What followed was an intimate performance by a humble former doctor who clearly knows his audience and is comfortable baring his soul in his intensely personal lyrics, from religion, identity and love, to technology, politics and our increasingly globalized world. Each song is a three-and-a-half minute of introspection and analysis, miraculously avoiding falling off the cliff of cliché. In the lovely “Soledad” (Loneliness, a duet on the album with Brazilian Maria Rita ), Drexler croons: “Aqui estoy/te traigo mis cicatrices/palabras en papel pentagramado/no te fijes mucho en lo que dicen/me encontras/en cada cosa que he callado” (Here I am/I bring you my scars/words on staff paper/don’t pay much attention to what they say/you will find me/in each thing that I have kept to myself).

Perhaps Drexler’s most poignant and emotional lyrics, however, are a nod to Polish Holocaust survivor and author Wladyslaw Szpilman in the song “El pianista del gueto de Varsovia” from his album Sea. Born to a German Jewish father who migrated to Uruguay and an Uruguayan mother, in the song Drexler contemplates the history of his people’s suffering, and recognizes that only generations, only mere dates, were the stroke of luck that kept him just far enough from a fate of persecution and pain. He comes to a realization: “Si fueras tu nieto y yo fuera mi abuelo/quizas, tu contarias mi historia/yo tengo tus mismas manos/yo tengo tu misma historia/yo pude haber sido el pianista del gueto de Varsovia” (If you were your grandson and I was my grandfather/perhaps, you would tell my story/I have your same hands/I have your same story/I could have been the pianist of the Warsaw ghetto).

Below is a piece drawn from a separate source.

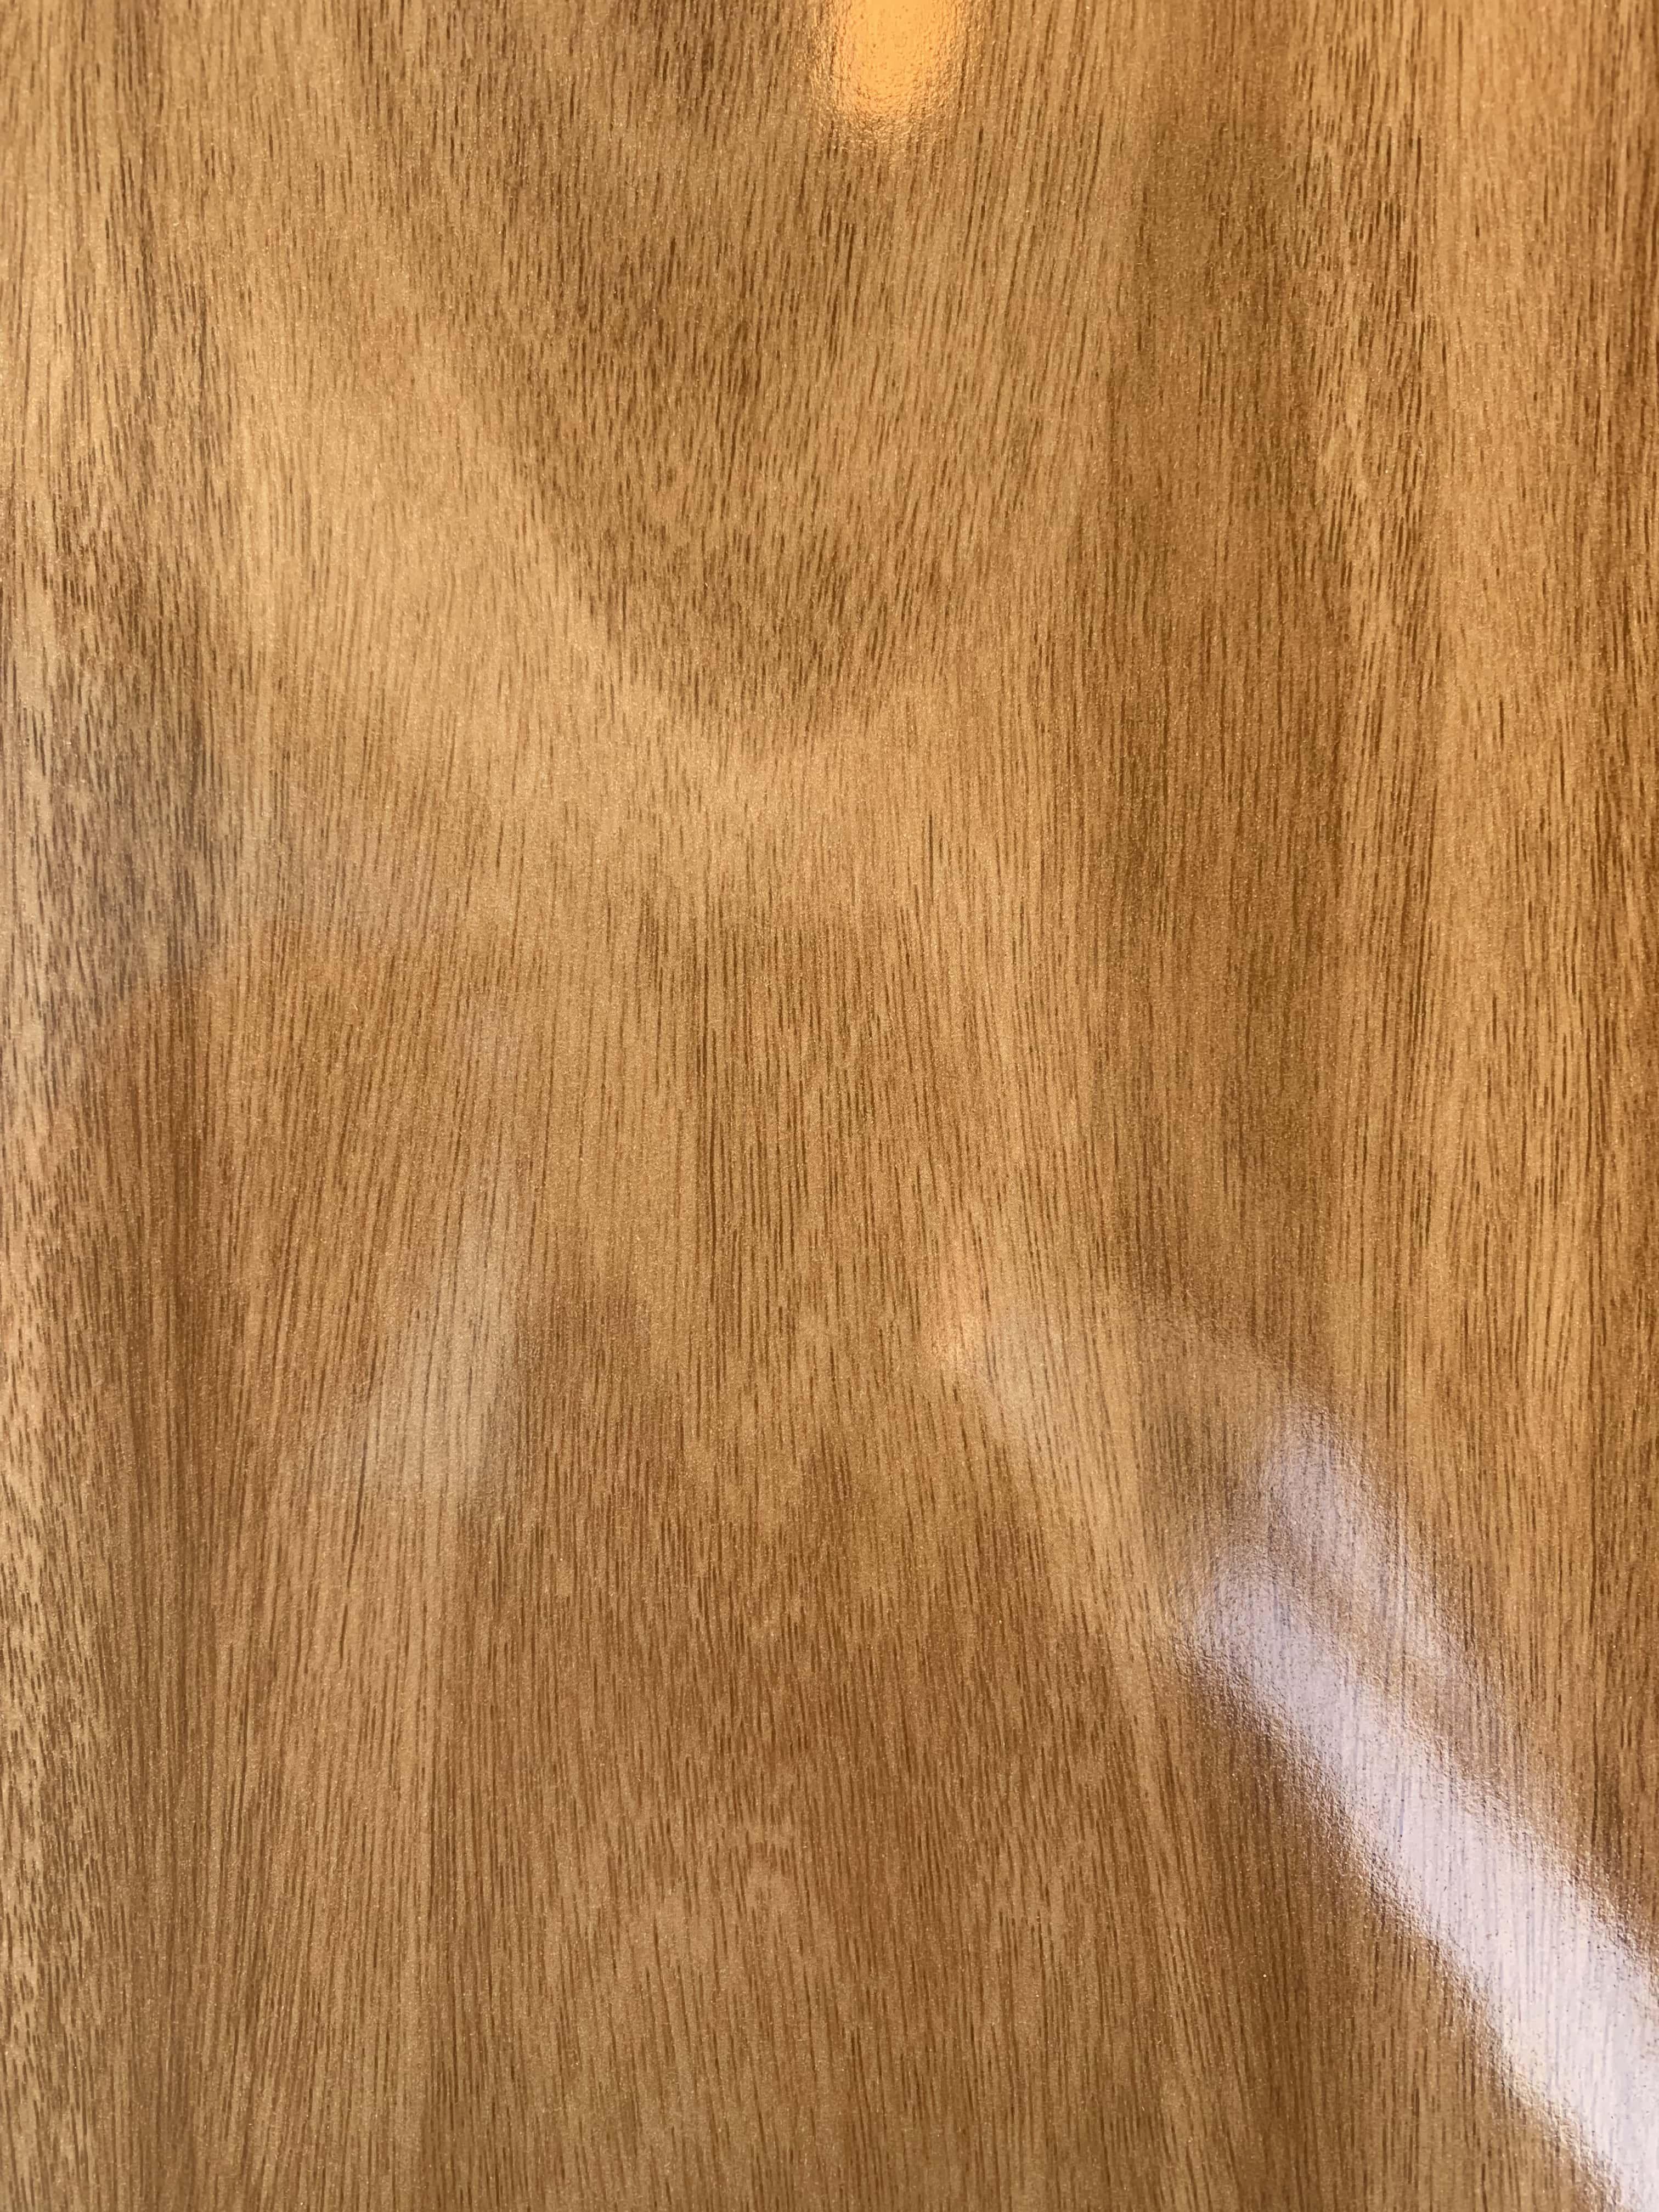 Blackbutt Gloss Laminate Flooring 1215x195x12mm

Drexler’s voice fell like raindrops on a still pond, and as he lightly and deliberately invoked the notes from his guitar strings, most of the time his voice and his guitar tone were inseparable and indiscernible. They blended together, they complimented one another, they became one delicate voice. During his performance, he incorporated silence, murmurs, soft percussion and barely-there bass in each tune, and often called upon the aid of electronics to loop echoes, chants, his voice, and even that of his nine-year old son, Pablo.

His interaction with the audience was delightful: Drexler, 42, encouraged the quiet but receptive listeners to participate by snapping to the beat , a more pleasant sound than the harshness of clapping, and singing along to the choruses. At first the audience wasn’t confident of what role it should play, as they were literally hanging on every note that came from Drexler’s lips and guitar, but Drexler guided us as though he was teaching us how to kiss. Soon the audience was comfortable singing with him, and the result was an audience that actually contributed to the performer’s music in a complimentary and pleasing way. Fans young and old, Hispanic, Anglo and beyond, cheered adoringly after each song, and begged Drexler to play two encores, which he did obligingly.

Drexler played around eighteen songs, and the impression was that he could have played fifteen or twenty more and the audience would have listened with bated breath the entire time. Absent was the touchingly idealistic “Al otro lado del rio” from the Walter Salles film The Motorcycle Diaries, for which he won an Academy Award for Best Song in 2005, but it was understandable. Being the unique and profoundly talented composer that he is, it is clear that Jorge Drexler wants the world to know that his cup runneth over with music, and we can only hope he’ll continue to make it for the forseeable future and far beyond.